Personal information
- Full name: Dzhamal Usumiyevich Dibirgadzhiyev
- Date of birth: 2 August 1996 (age 29)
- Place of birth: Makhachkala, Russia
- Height: 1.90 m (6 ft 3 in)
- Position: Forward

Team information
- Current team: Luki-Energiya
- Number: 9

Senior career*
- Years: Team / Apps / (Gls)
- 2014–2019: Anzhi Makhachkala / 3 / (1)
- 2014–2015: → Anzhi-2 Makhachkala / 19 / (10)
- 2016–2017: → Fátima (loan) / 15 / (10)
- 2017–2018: → Anzhi-2 Makhachkala / 4 / (0)
- 2018–2019: → Veles Moscow (loan) / 25 / (8)
- 2019–2020: Chernomorets Novorossiysk / 16 / (12)
- 2020: Shkupi / 0 / (0)
- 2020: Gorodeya / 4 / (1)
- 2021: Dynamo Bryansk / 13 / (2)
- 2021: Baltika Kaliningrad / 11 / (0)
- 2022: Dynamo Makhachkala / 29 / (8)
- 2023: Veles Moscow / 14 / (5)
- 2023–2024: Volga Ulyanovsk / 26 / (5)
- 2024: → Amkar Perm (loan) / 9 / (2)
- 2025: Amkar Perm / 24 / (5)
- 2026–: Luki-Energiya / 0 / (0)

= Dzhamal Dibirgadzhiyev =

Russian footballer

Dzhamal Usumiyevich Dibirgadzhiyev (Джамал Усумиевич Дибиргаджиев; born 2 August 1996) is a Russian footballer who plays as a striker for Luki-Energiya.

==Career==
===Club===
Dibirgadzhiyev made his professional debut in the Russian Professional Football League for FC Anzhi-2 Makhachkala on 12 August 2014 in a game against FC Alania Vladikavkaz.
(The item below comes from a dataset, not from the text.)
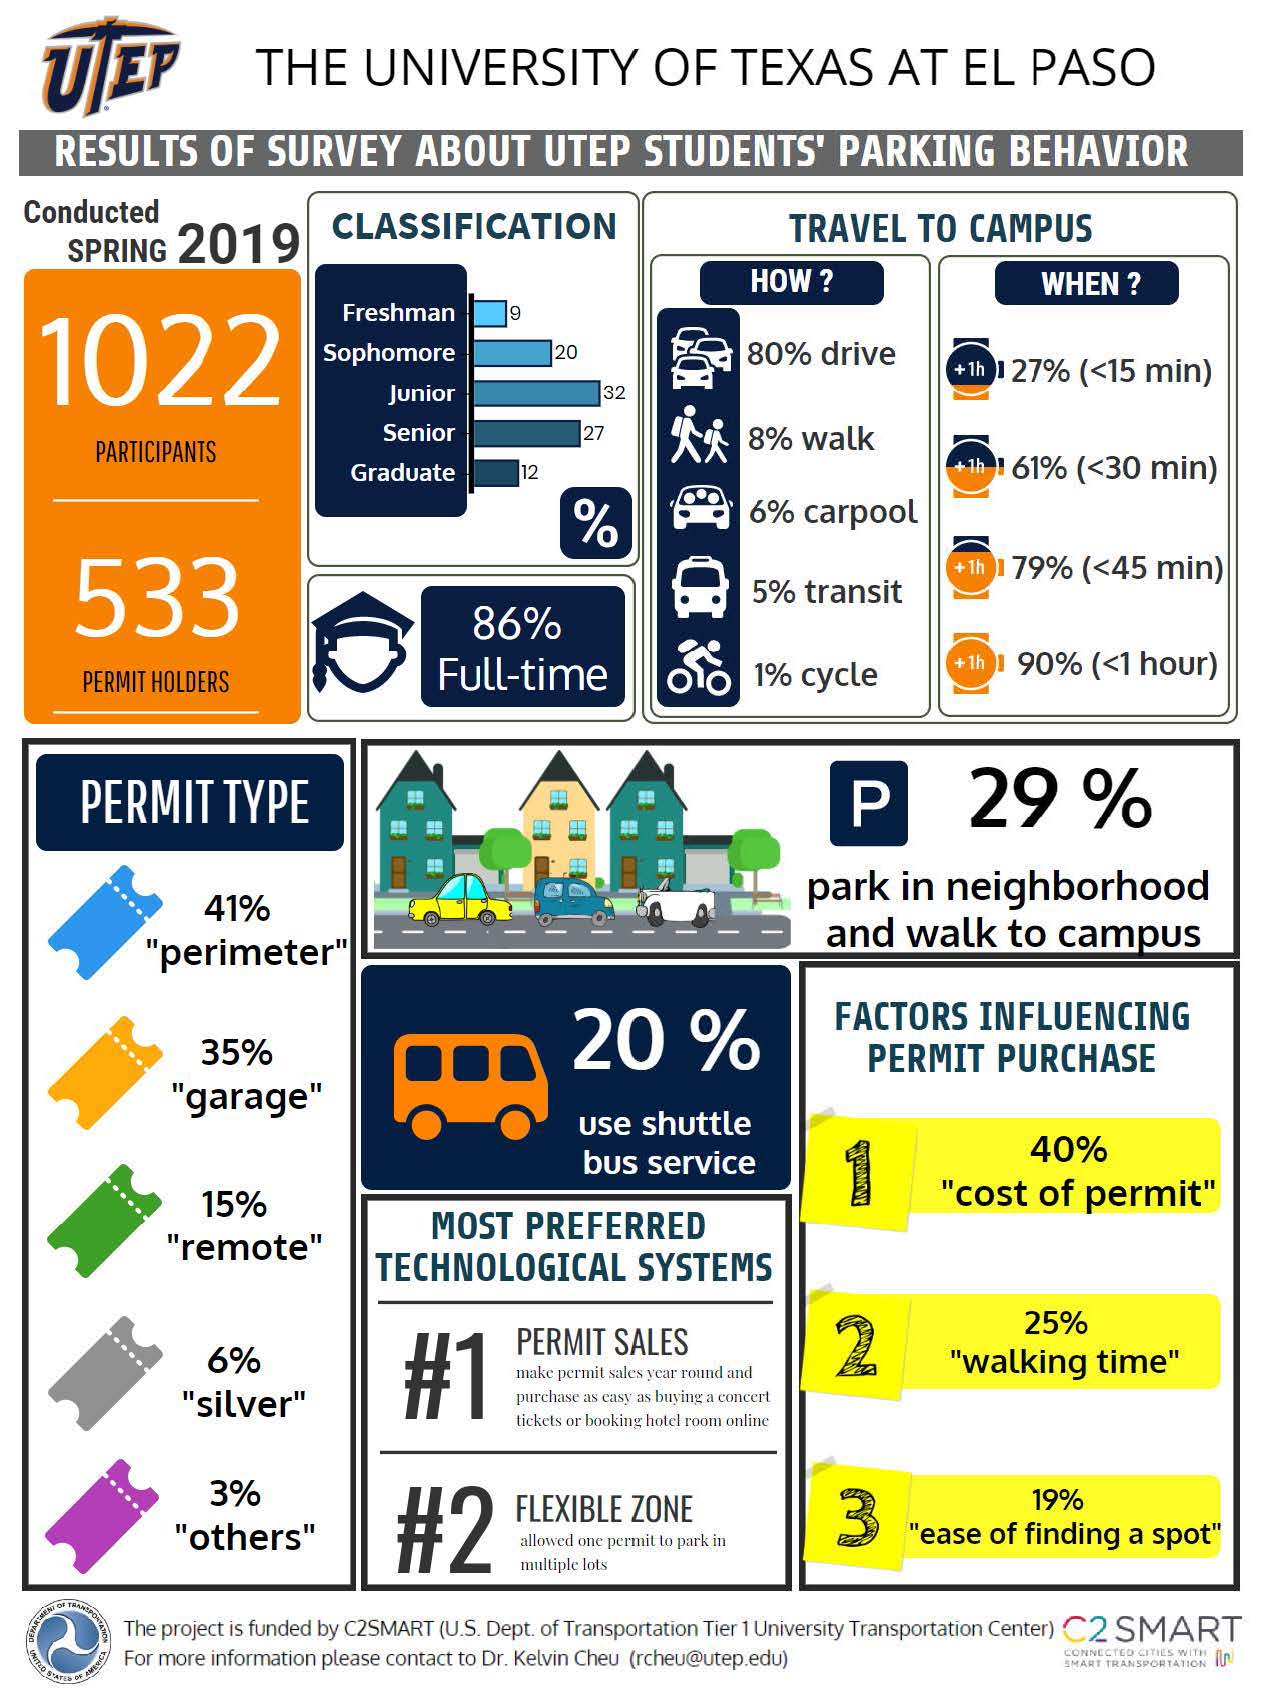 Results of Survey about UTEP Students' Parking Behavior

In August 2016, Dibirgadzhiyev moved on loan to Portuguese side Fátima for the 2016–17 season.

On 18 September 2016, he scored 6 goals for Fátima in a Campeonato de Portugal 8–0 victory against Naval.

He made his Russian Premier League debut for Anzhi on 1 October 2017 in a game against FC Zenit Saint Petersburg.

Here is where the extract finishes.